Basement membrane tissues and submucosal material harvested from warm blooded vertebrates have shown great promise as unique graft materials for inducing the repair of damaged or diseased tissues in vivo, and for supporting fundamental cell behavior (e.g., cell proliferation, growth, maturation, differentiation, migration, adhesion, gene expression, apoptosis and other cell behaviors) of cell populations in vitro. Submucosal material can be extracted or fluidized to provide enriched extracts that can be utilized as additives for tissue culture media, or polymerized to form collagen based scaffolds, to promote in vitro cell growth and proliferation.
As a tissue graft, submucosal tissue undergoes remodeling and induces the growth of endogenous tissues upon implantation into a host. Numerous studies have shown that submucosal tissue is capable of inducing host tissue proliferation, remodeling and regeneration of tissue structures following implantation in a number of in vivo environments, including the urinary tract, the body wall, tendons, ligaments, bone, cardiovascular tissues and other vascular tissues, and the central nervous system. Upon implantation of the submucosal tissues, cellular infiltration and a rapid neovascularization are observed and the submucosa materials are remodeled into host replacement tissue with site-specific structural and functional properties.
Accordingly, submucosa tissue can be used as a tissue graft construct, for example, in its native form, in its fluidized form, in the form of an extract, or as components extracted from submucosa tissue and subsequently purified. The fluidized forms of vertebrate submucosa tissue can be gelled to form a semi-solid composition that can be implanted as a tissue graft construct or utilized as a cell culture substrate. As a tissue graft material, the fluidized form can be injected, or delivered using other methods, to living tissues to enhance tissue remodeling. Furthermore, the fluidized form can be modified, or can be combined with specific proteins, growth factors, drugs, plasmids, vectors, or other therapeutic agents for controlling the enhancement of tissue remodeling at the site of injection. Moreover, the fluidized, solubilized form can be combined with primary cells or cell lines prior to injection to further enhance the remodeling properties that result in the repair or replacement of diseased or damaged tissues.

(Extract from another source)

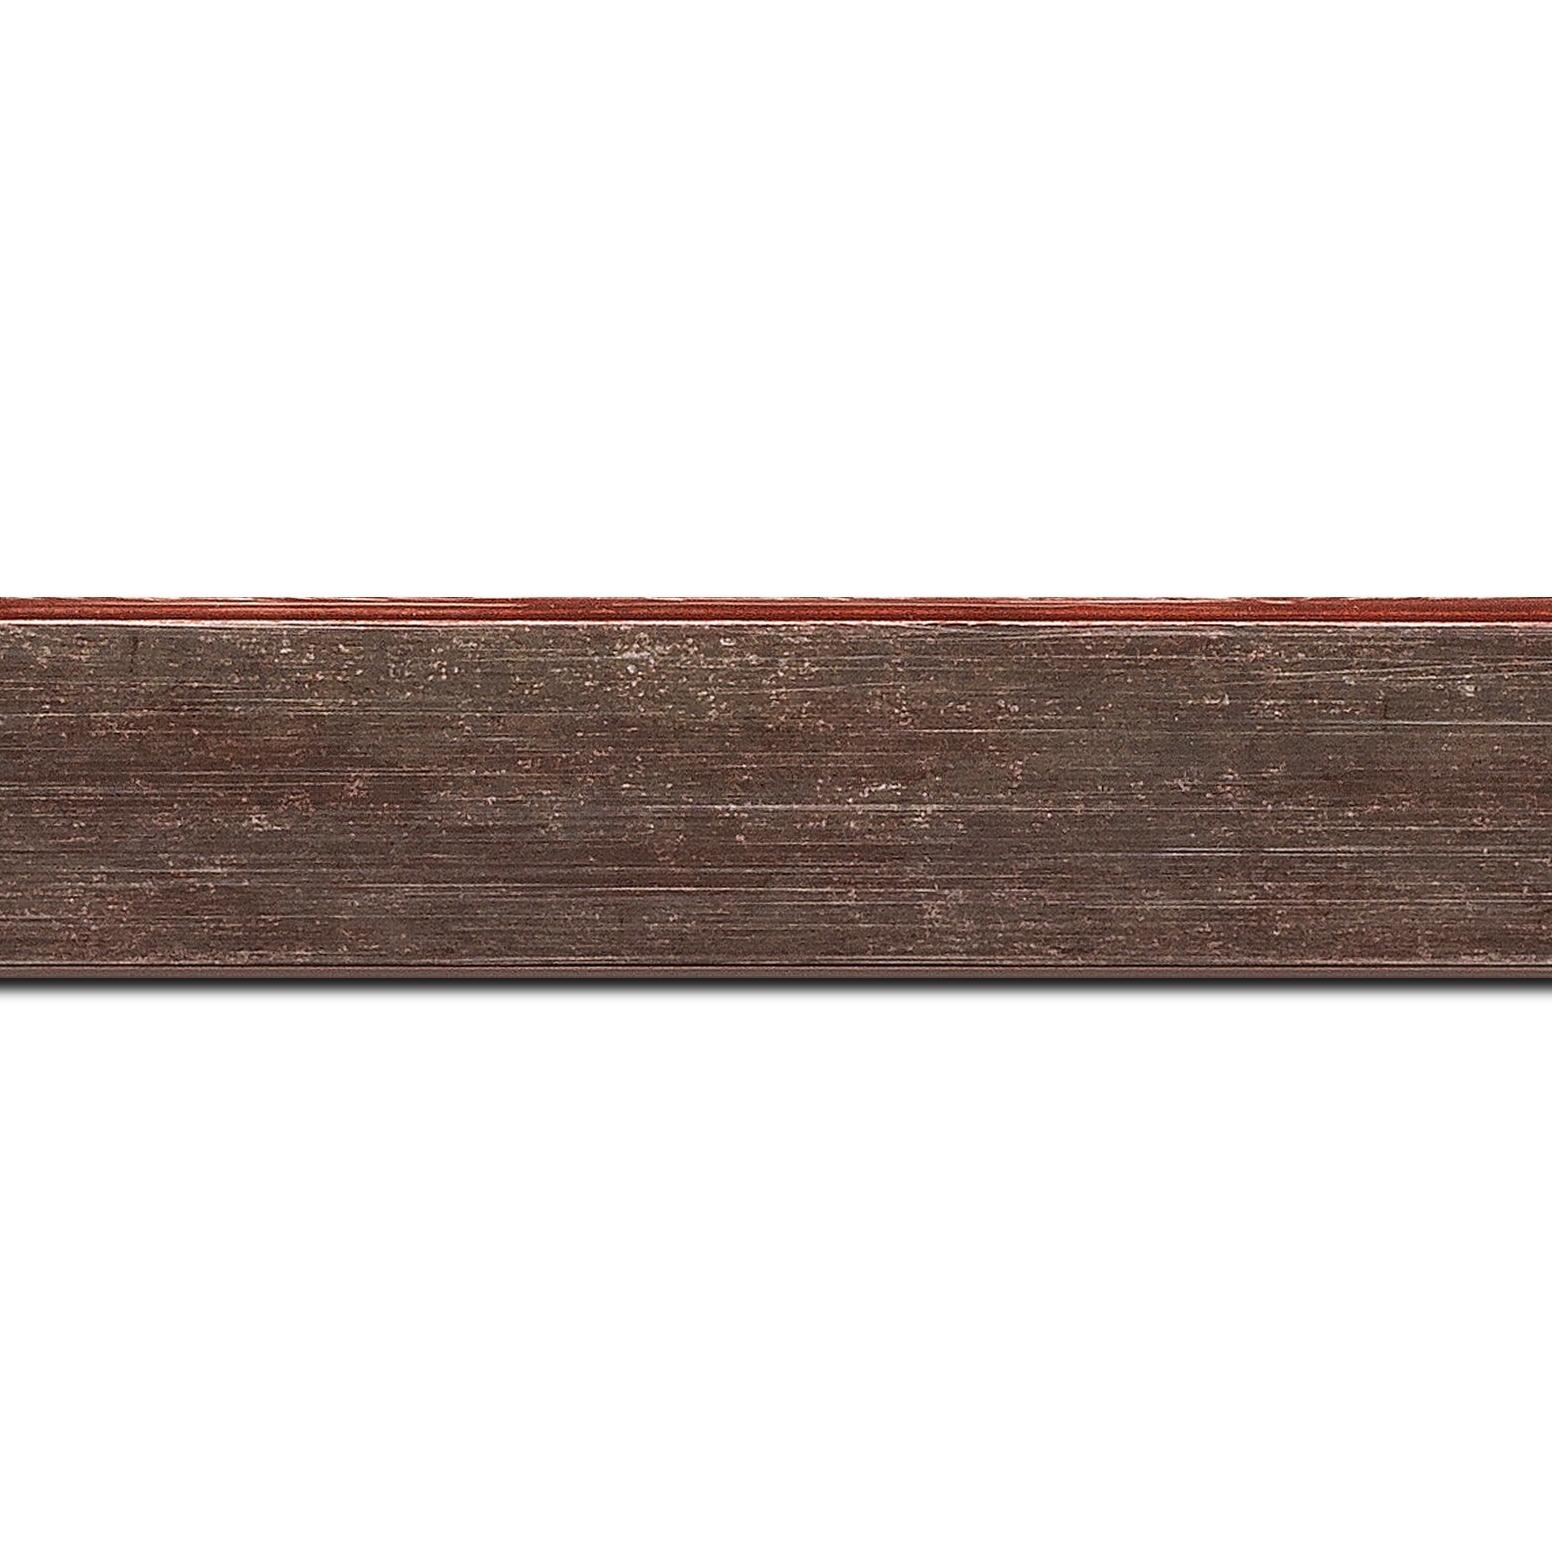 Pack par 12m, bois profil plat incliné largeur 3.7cm couleur bordeaux lie de vin effet ressuyé (longueur baguette pouvant varier entre 2.40m et 3m selon arrivage des bois)

Because the molecular forces that orchestrate the self assembly of soluble, monomeric collagen into higher ordered structures are weak their assembly can easily turn into an unstructured aggregation of misfolded proteins. In the literature, there are known methods for isolating collagen from a variety of tissues, e.g., placenta and animal tails and using the isolated material to reconstitute collagenous matrices. These known methods rely on the protein's intrinsic ability to retain its secondary structure during protein isolation and assume that, for instance, the alpha helix will retain its helical structure throughout. The end result, even with a homogenous biochemical composition, can be a heterogeneous secondary structure. Controlling the assembly of the constituting monomers into tertiary or quaternary multimeric arrangements is very hard to achieve under such conditions. One embodiment of the present invention is directed to controlling the polymerization of a composition comprising solubilized collagen to form a collagen based scaffold that has the requisite microstructure and composition to allow for the expansion, differentiation and/or clonal isolation of stem cells in a highly reproducible and predictable manner.